In the next, we generate bifurcation diagrams with the different parameters.

Fix the coherence \(c'=0\), vary the stimulus strength \(\mu_0\). See Figure 10 in (Wong & Wang, 2006) [1].

analyzer = bp.analysis.Bifurcation2D(
  model=[int_s1, int_s2],
  target_vars={'s1': [0., 1.], 's2': [0., 1.]},
  target_pars={'mu': [-30., 90.]},
  pars_update={'coh': 0.},
  resolutions={'mu': 0.2},
)
analyzer.plot_bifurcation(num_rank=50)
analyzer.show_figure()
I am making bifurcation analysis ...
I am filtering out fixed point candidates with auxiliary function ...
I am trying to find fixed points by optimization ...
	There are 30000 candidates
I am trying to filter out duplicate fixed points ...
	Found 1744 fixed points.
../_images/524b4110b160fc1e071a9b907854edd7a97169e52bc187e4aca3b424aa0c3a52.png ../_images/1425c54549f7dfec5994c1101871cd8830c09e79dcfd8a68c8c707fbb8e4a936.png

Fix the stimulus strength \(\mu_0 = 30\) Hz, vary the coherence \(c'\).

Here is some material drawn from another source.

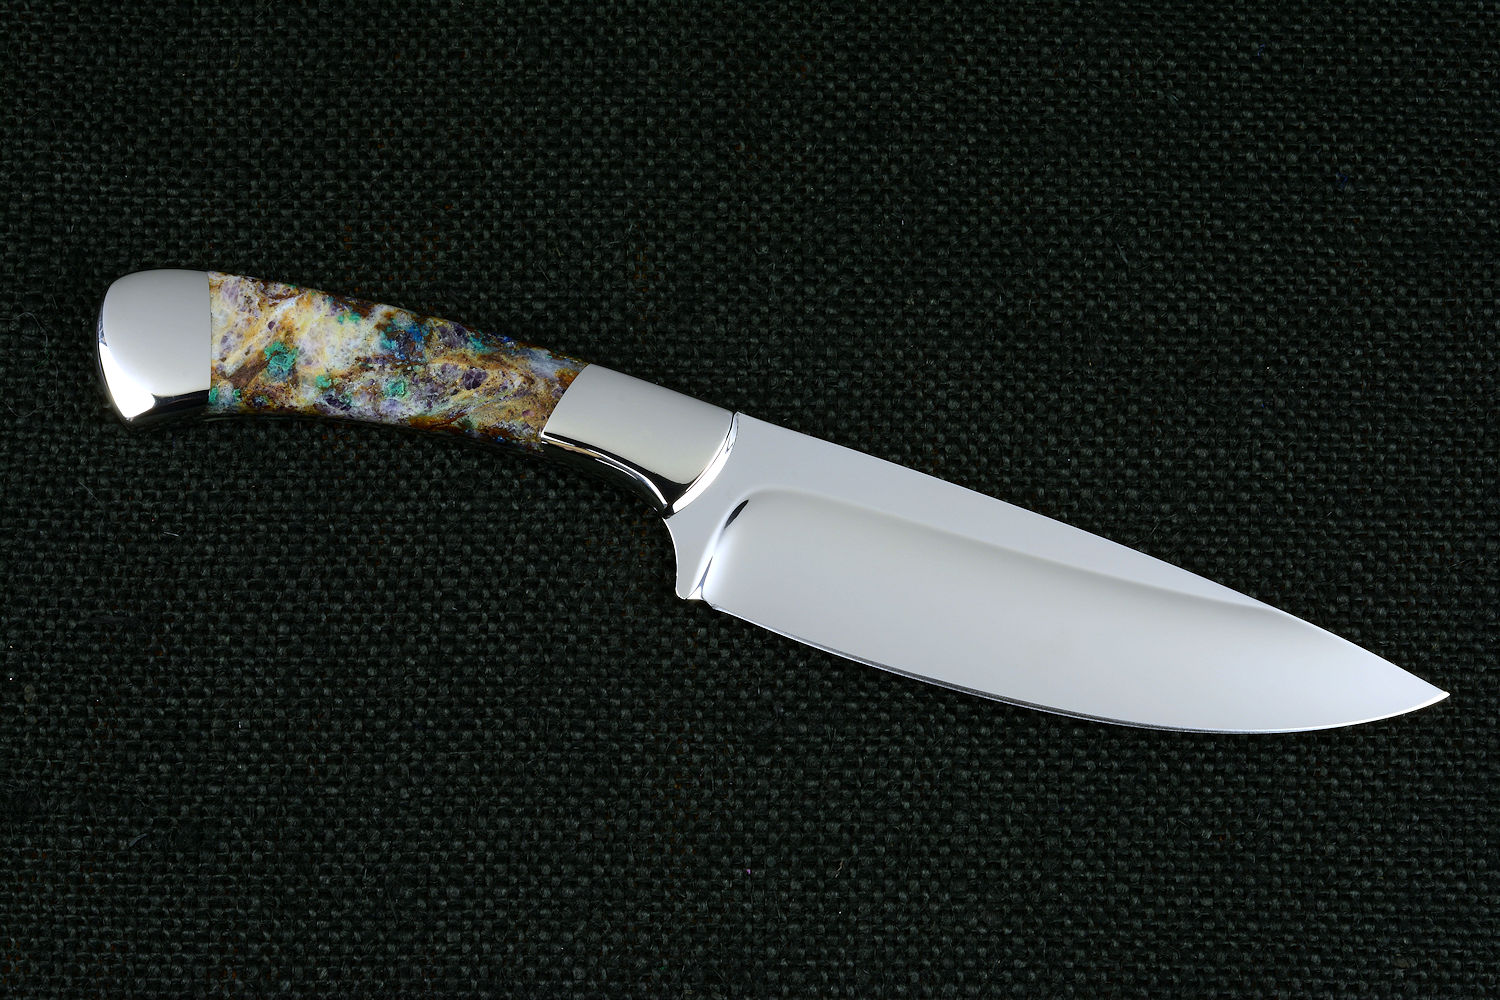 Spartan Knife Block- Complete Damascus Style Knife Set for Men- 5 Chef Knives, Knife Sharpener & Bamboo Spartan Knife Holder. Funny Stabbed Man

analyzer = bp.analysis.Bifurcation2D(
  model=[int_s1, int_s2],
  target_vars={'s1': [0., 1.], 's2': [0., 1.]},
  target_pars={'coh': [0., 1.]},
  pars_update={'mu': 30.},
  resolutions={'coh': 0.005},
)
analyzer.plot_bifurcation(num_rank=50)
analyzer.show_figure()
I am making bifurcation analysis ...
I am filtering out fixed point candidates with auxiliary function ...
I am trying to find fixed points by optimization ...
	There are 10000 candidates
I am trying to filter out duplicate fixed points ...
	Found 475 fixed points.
../_images/313efdf2ba974c8be8e23a253bad3c45d5c224a5784ab179a1d869beeb4c593e.png ../_images/04c53b0e20d99e55edb846e1a9e250388b22768d371934d03af1cf9209c0b93f.png

References#

[1] Wong K-F and Wang X-J (2006). A recurrent network mechanism for time integration in perceptual decisions. J. Neurosci 26, 1314-1328.